But we have to handle JS exceptions in case of catch_all (which are used for destructors), no?

Maybe I'm wrong, but I think we don't need to. AFAIK JS exceptions that unwind through wasm are a sign of breakage already, and not something we can recover from. Generally such an exception will set the global JS flag ABORT which should prevent any more code from running anyhow.

(There is one sort-of exception, where we throw a JS exception in order to simulate an infinite loop, in emscripten_set_main_loop for example. This is a hack. But it is actually also a case where we do not want to notice the JS exception: we want to just escape outside, leaving the C stack where it was, and I guess C++ destructors should also not run.)

Maybe OK for -O3/-O4..? This pass took around 5 secs for wasm-opt.wasm binary, but can be longer for bigger binaries. Not sure how this compares to other passes. Do we have many non-parallel opt passes?

We have a few non-parallel passes, and some I'm fairly sure are slower than this, so I'm not too worried. But yes, as you said, maybe we'd want to limit this to maybe -O3 etc., and probably we'd not run it in -O1 (which we try to keep minimal / linear).
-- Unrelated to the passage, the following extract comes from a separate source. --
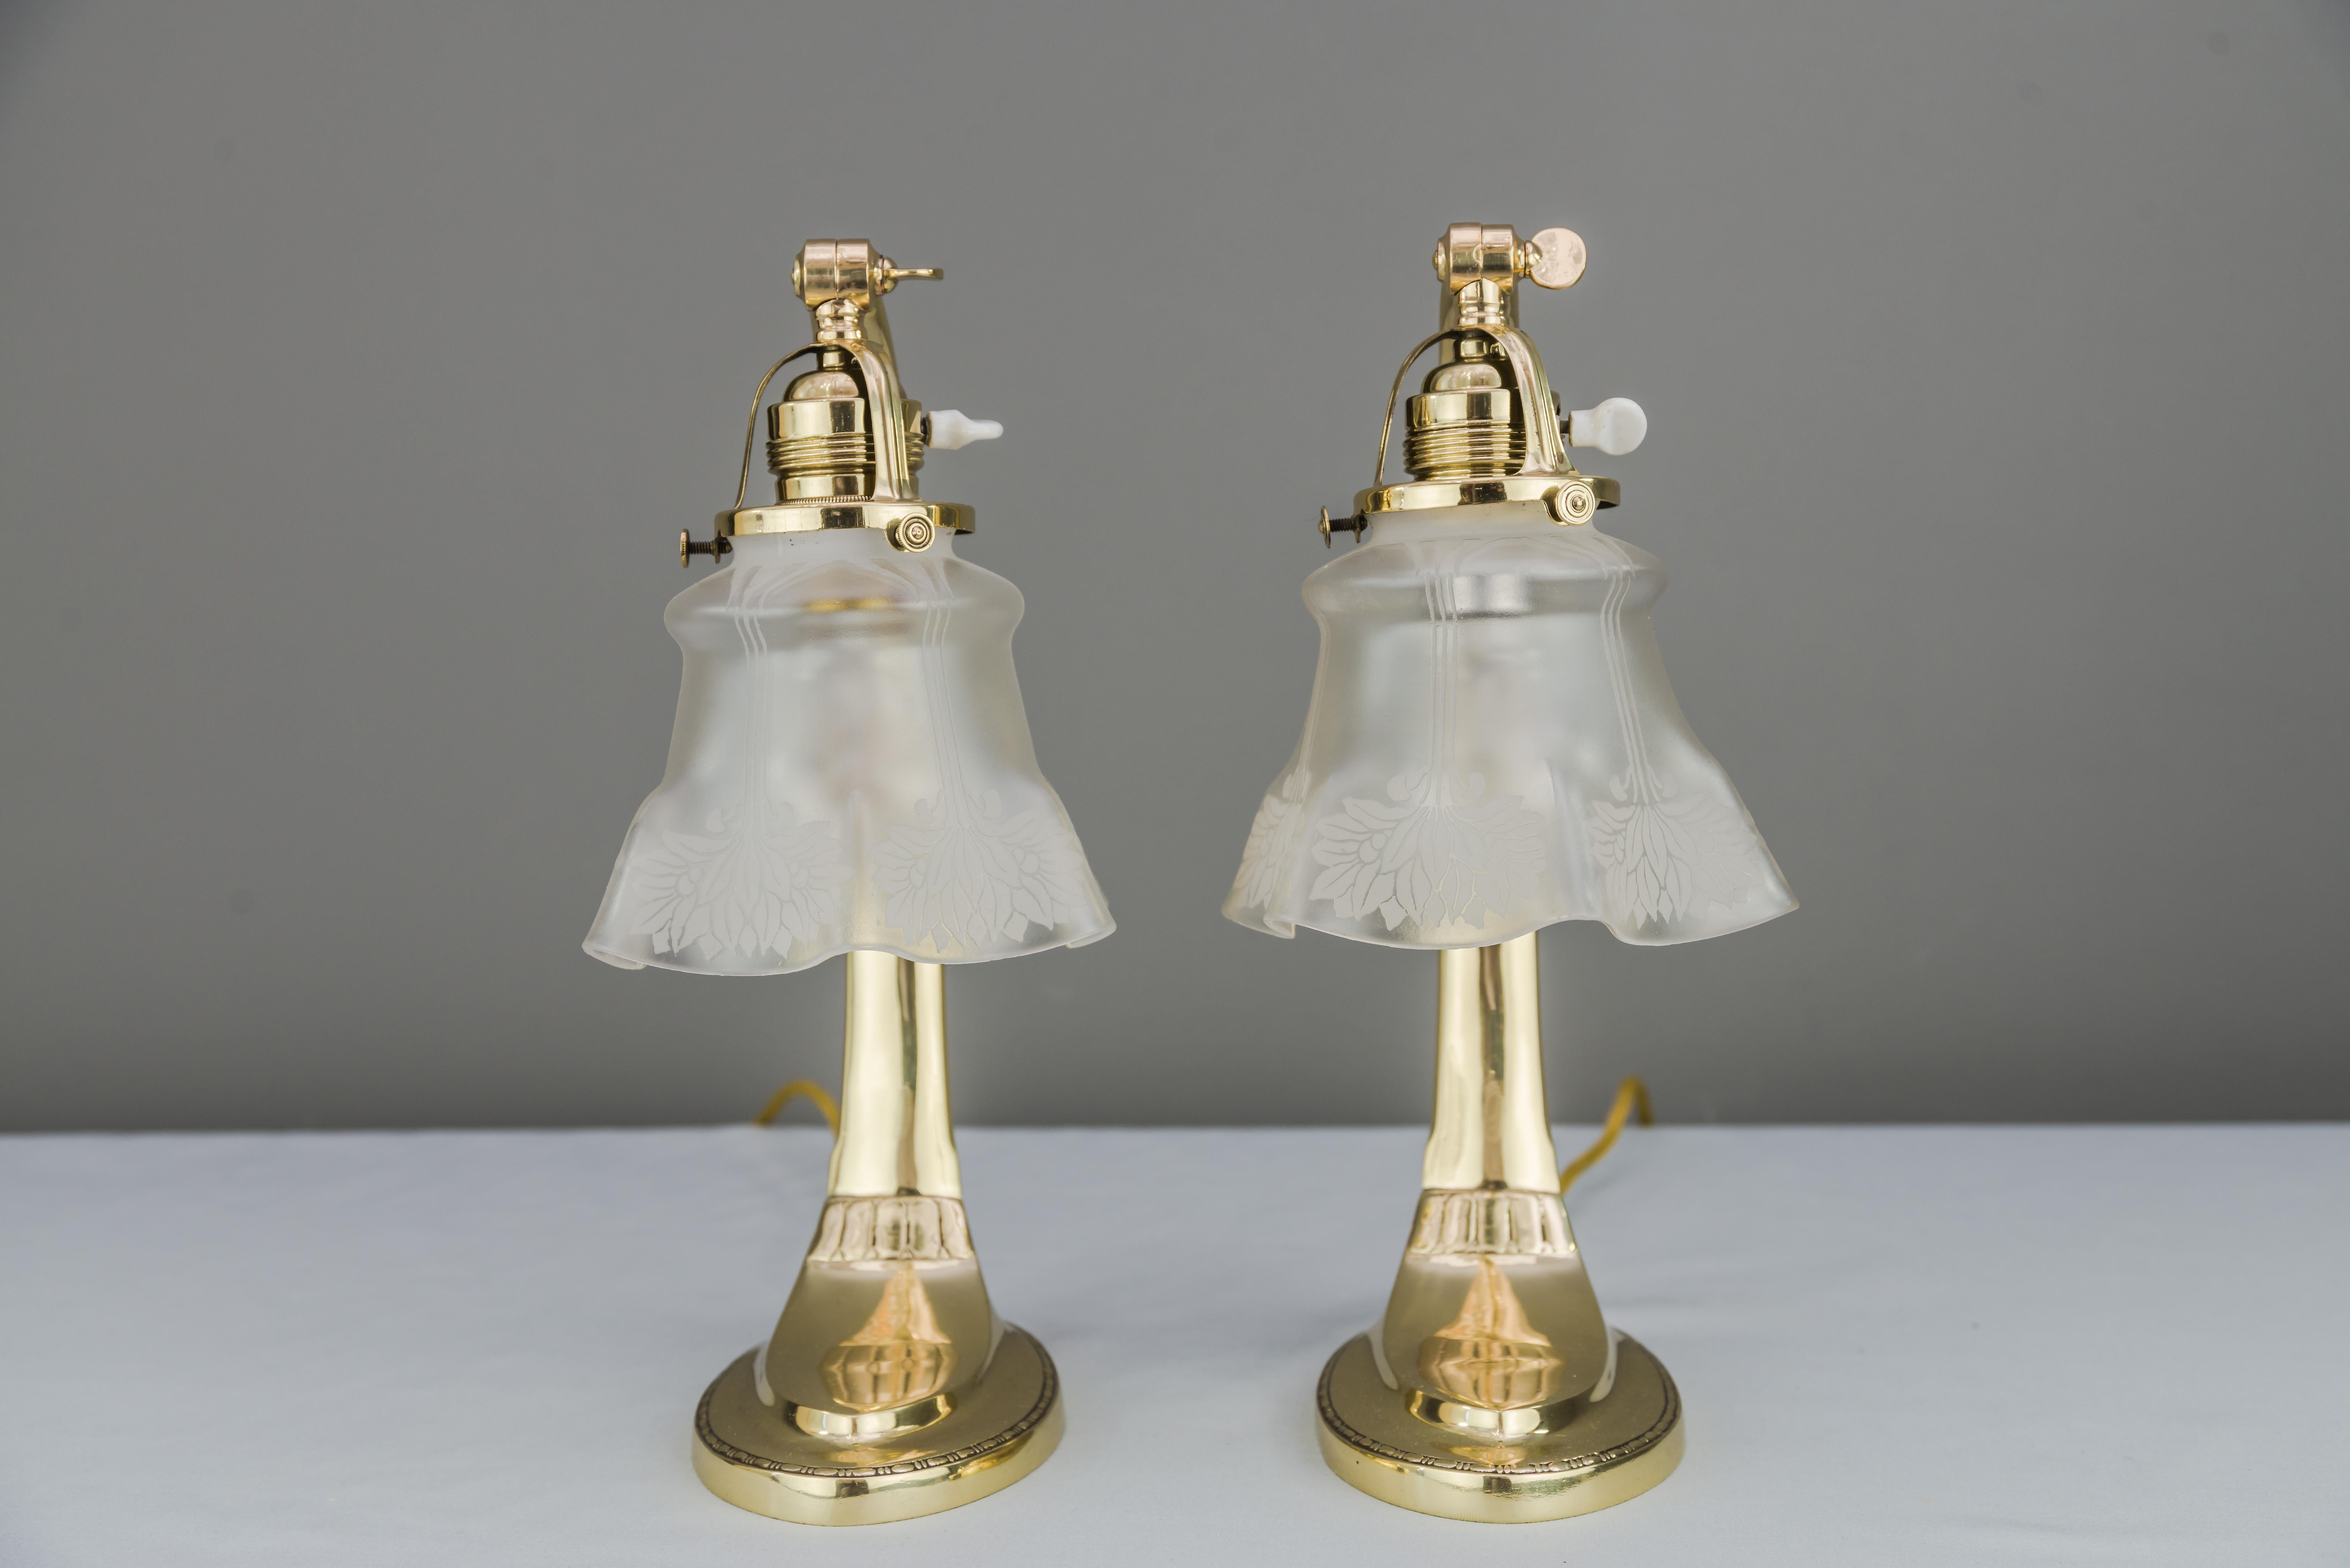 Two Jugendstil Table Lamps 1907 with Original Glas Shades For Sale 9

As an experiment I tried to assume all call_indirect cannot throw, just to see the upper bound we can reach with this analysis. About 19% of trys were able to be removed. But this is very unlikely, given that the analyzed functions were around 9x more likely to throw than not throw. Even with 19% of trys can be removed, the unrealistic upper bound, the code size improvement was only 0.27%, which is somewhat depressing because when I (incorrectly) let the pass optimize out all trys, the code size saving was 5.3%.

Yes, disappointing...

I wonder if ignoring all imports and ignoring all indirect calls would be better than the separate measurements have shown? There may be some functions that do both things, and only ignoring both factors at once would let us get rid of. In fact I think even printf may be an example of that, as it does indirect calls for musl file stuff, and calls an import to actually print in JS. Specifically on wasm-opt, I'd expect this (unrealistic) combination to do well since we have so few places that actually throw an exception.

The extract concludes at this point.